2

I am running pcas on groups in a data set using dplyr pipelines. I am starting with group_split, so am working with a list. In order to run the prcomp() function, only the numeric columns of each list can be included, but I would like the factor column brought back in for plotting at the end. I have tried saving an intermediate output using {. ->> temp} partway through the pipeline, but since it is a list, I don't know how to index the grouping column when plotting.

library(tidyverse)
library(ggbiplot)

iris %>%
  group_split(Species, keep = T) %>% #group by species, one pca per species
  {. ->> temp} %>%  # save intermediate output to preserve species column for use in plotting later
  map(~.x %>% select_if(is.numeric) %>% select_if(~var(.) != 0) %>% 
        prcomp(scale. = TRUE))%>% #run pca on numeric columns only
  map(~ggbiplot(.x), label=temp$Species)#plot each pca, labeling points as species names form the temporary object

This works to produce one pca plot for each species in the irisdata set, but since temp$species = NULL, the points are not labelled.

J.Con
  • 4,101
  • 4
  • 36
  • 64
  • can you save `temp <- unique(iris$Species)` first without saving it as intermediate output and then use it in `map(~ggbiplot(.x), label=temp)` ? Also is `ggbiplot` not available for R 3.6.1 ? – Ronak Shah Sep 24 '19 at 06:25

2 Answers2

3

If you use map2() and pass the .y argument as the species list you can get the result I think you want. Note that in your original code the labels argument was outside the ggbiplot() function and was ignored.

library(tidyverse)
library(ggbiplot)

iris %>%
  group_split(Species, keep = T) %>% 
  {. ->> temp} %>%  
  map(~.x %>% 
        select_if(is.numeric) %>%
        select_if(~var(.) != 0) %>% 
        prcomp(scale. = TRUE)) %>% 
  map2(map(temp, "Species"), ~ggbiplot(.x, labels = .y))
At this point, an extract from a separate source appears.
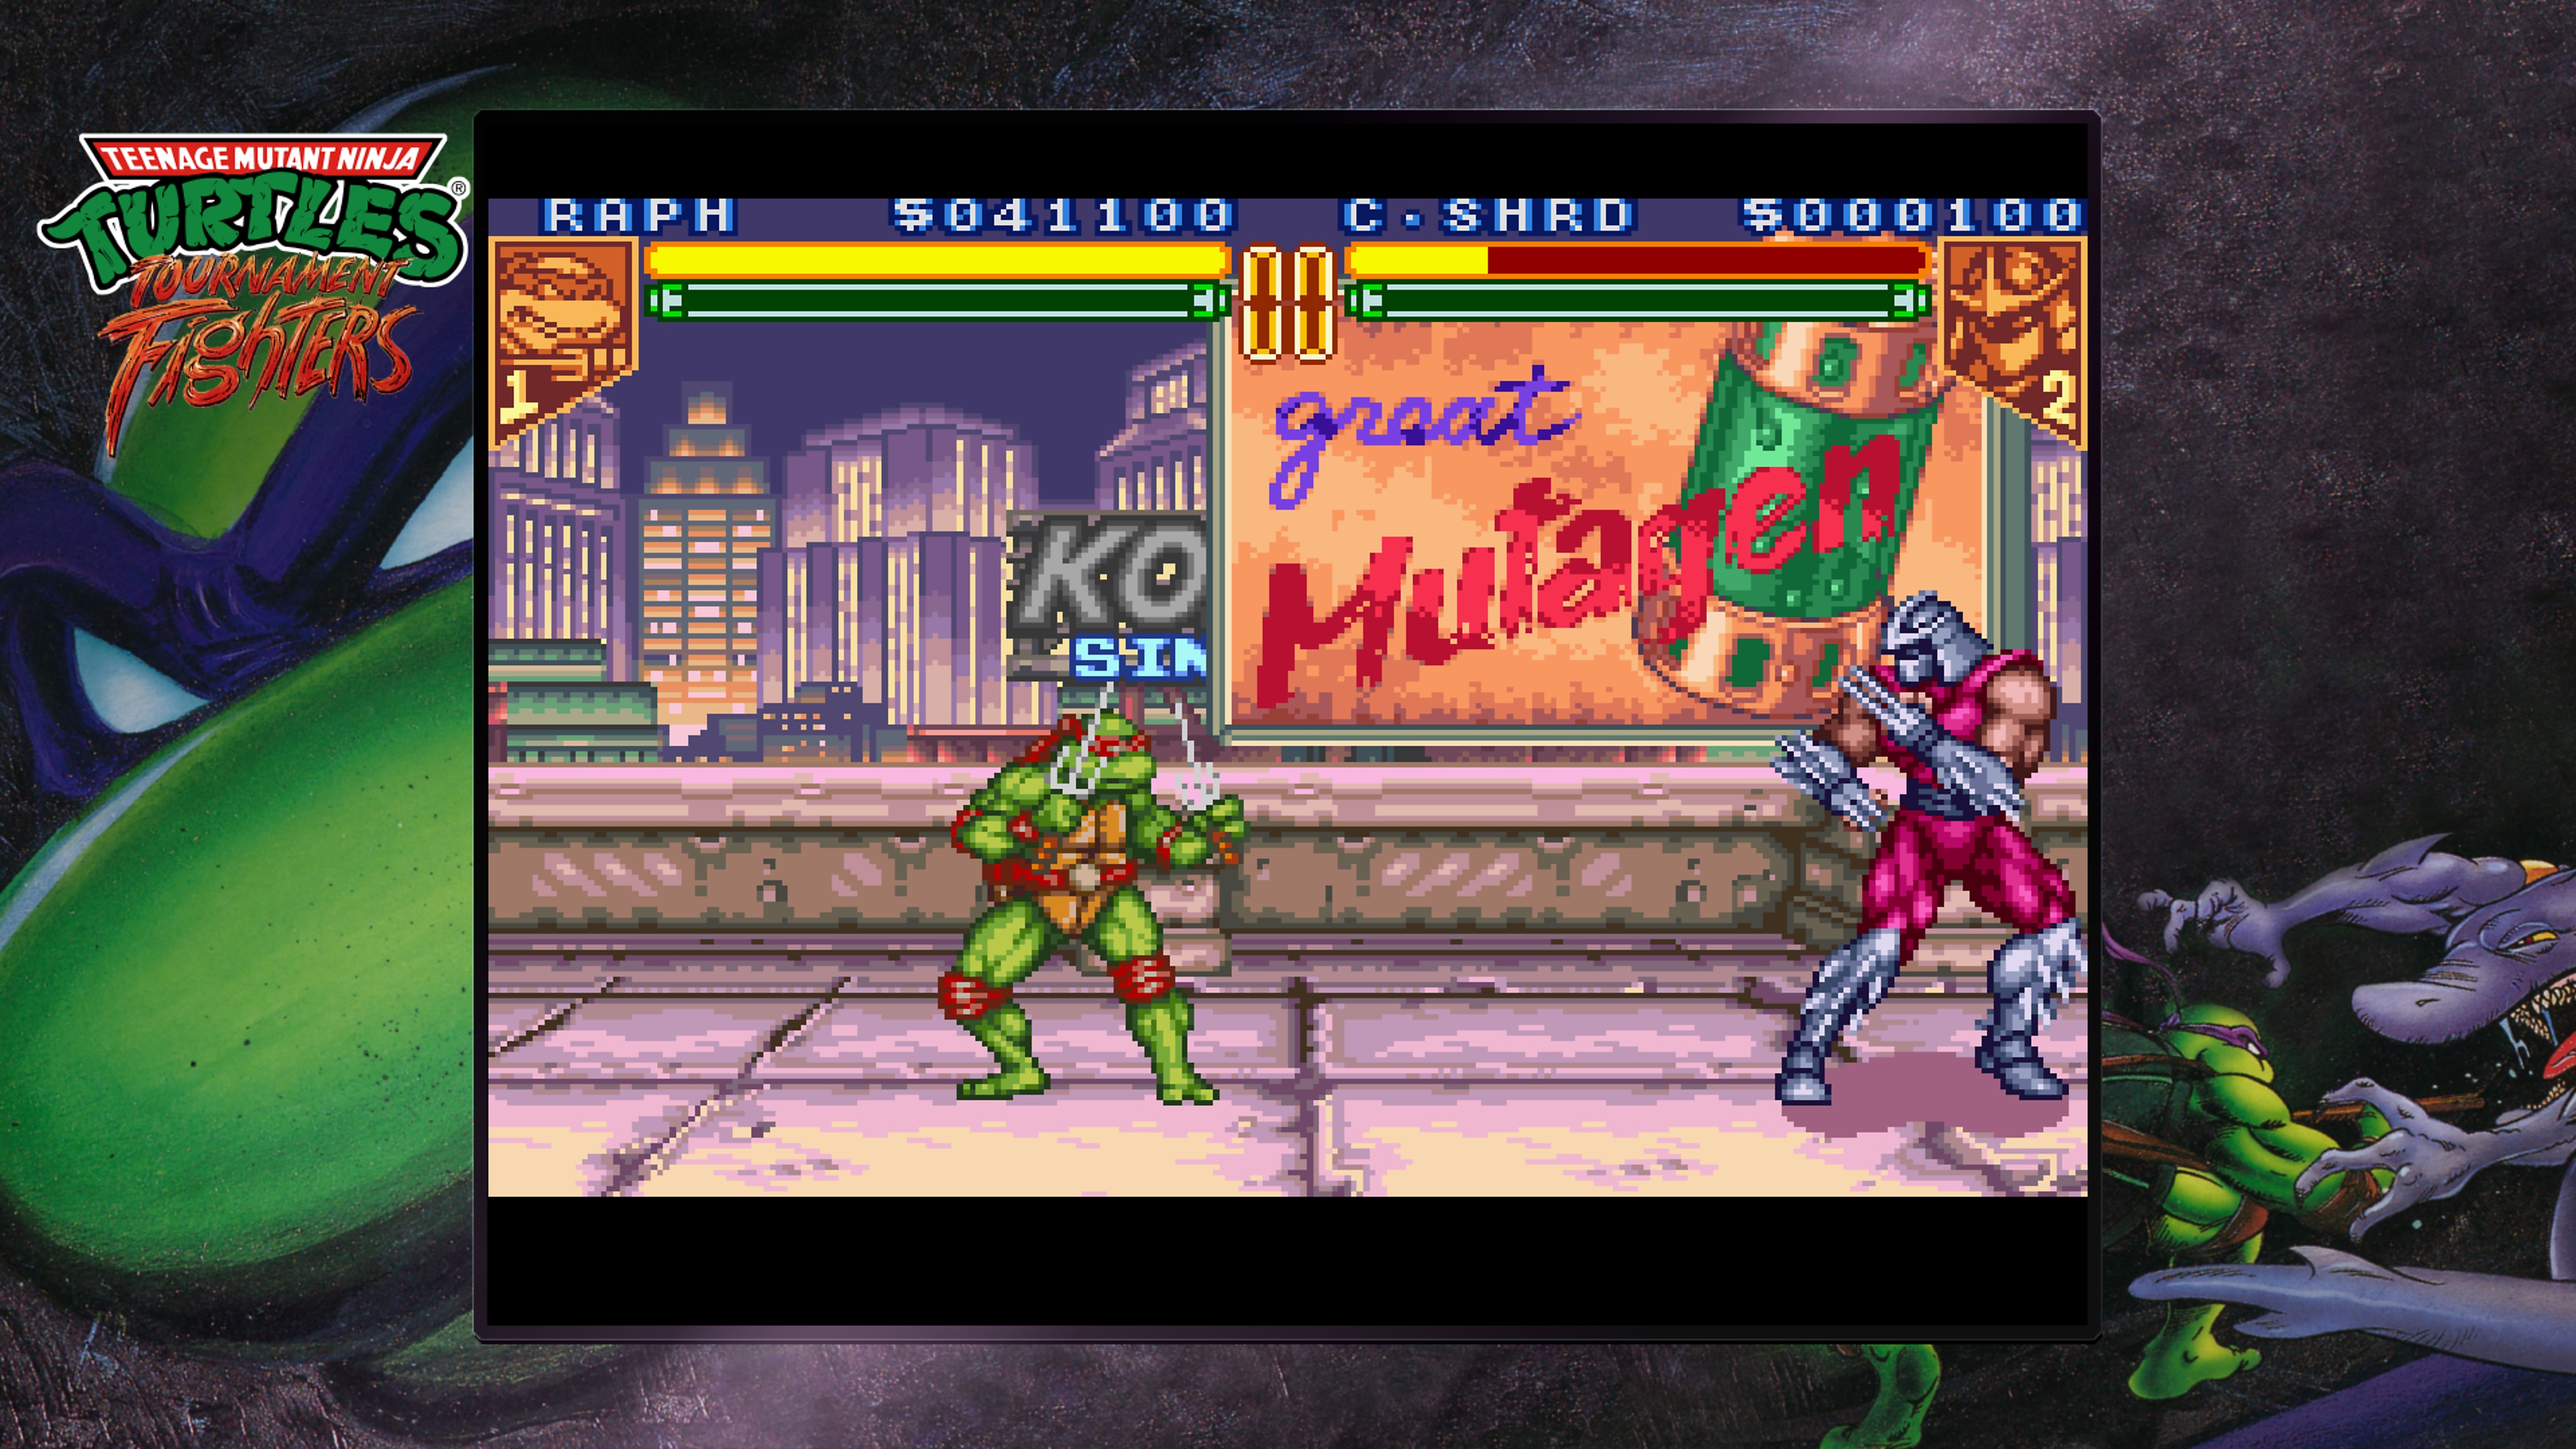 《Teenage Mutant Ninja Turtles Collection - Tournament Fighters》螢幕截圖，呈現拉斐爾與許瑞德在屋頂打鬥的景況

enter image description here

In response to your comment, if you wanted to add a third argument you could use pmap() instead of map2(). In the example below, pmap() is being passed a (nested) list of the data for the ggbiplot() arguments. Note I've changed the new variable so that it's a factor and not constant across groups.

iris %>%
  mutate(new = factor(sample(1:3, 150, replace = TRUE))) %>%
  group_split(Species, keep = T) %>% 
  {. ->> temp} %>%  
  map(~.x %>% 
        select_if(is.numeric) %>%
        select_if(~var(.) != 0) %>% 
        prcomp(scale. = TRUE)) %>% 
  list(map(temp, "Species"), map(temp, "new")) %>%
  pmap(~ ggbiplot(pcobj = ..1, labels = ..2, groups = ..3))

enter image description here

Ritchie Sacramento
  • 29,890
  • 4
  • 48
  • 56
  • Thank you for this answer. Do I know how I might introduce a `.z` element in the `ggbiplot` call? Something like `~ggbiplot(.x, labels = .y, groups=.z)`, if the data had another grouping column? Eg. `iris$new<-c(rep('a',50),rep('b',50),rep('c',50))` – J.Con Sep 25 '19 at 02:09
  • @J.Con - For the `map()` family, to use functions with more than 2 arguments you can change the notation to `..1`, `..2`, `..3` etc. – Ritchie Sacramento Sep 25 '19 at 02:13
  • Thank you. I’m sorry but I just can’t figure it out? – J.Con Sep 25 '19 at 04:55
  • Thank you so much!! – J.Con Sep 25 '19 at 21:23
1

One option is to use split and imap

library(tidyverse)
library(ggbiplot)
iris %>%
split(.$Species) %>%  # save intermediate output to preserve species column for use in plotting later
map(~.x %>% select_if(is.numeric) %>% select_if(~var(.) != 0) %>% 
        prcomp(scale. = TRUE)) %>% 
imap(~ggbiplot(.x, labels = .y))
A. Suliman
  • 12,923
  • 5
  • 24
  • 37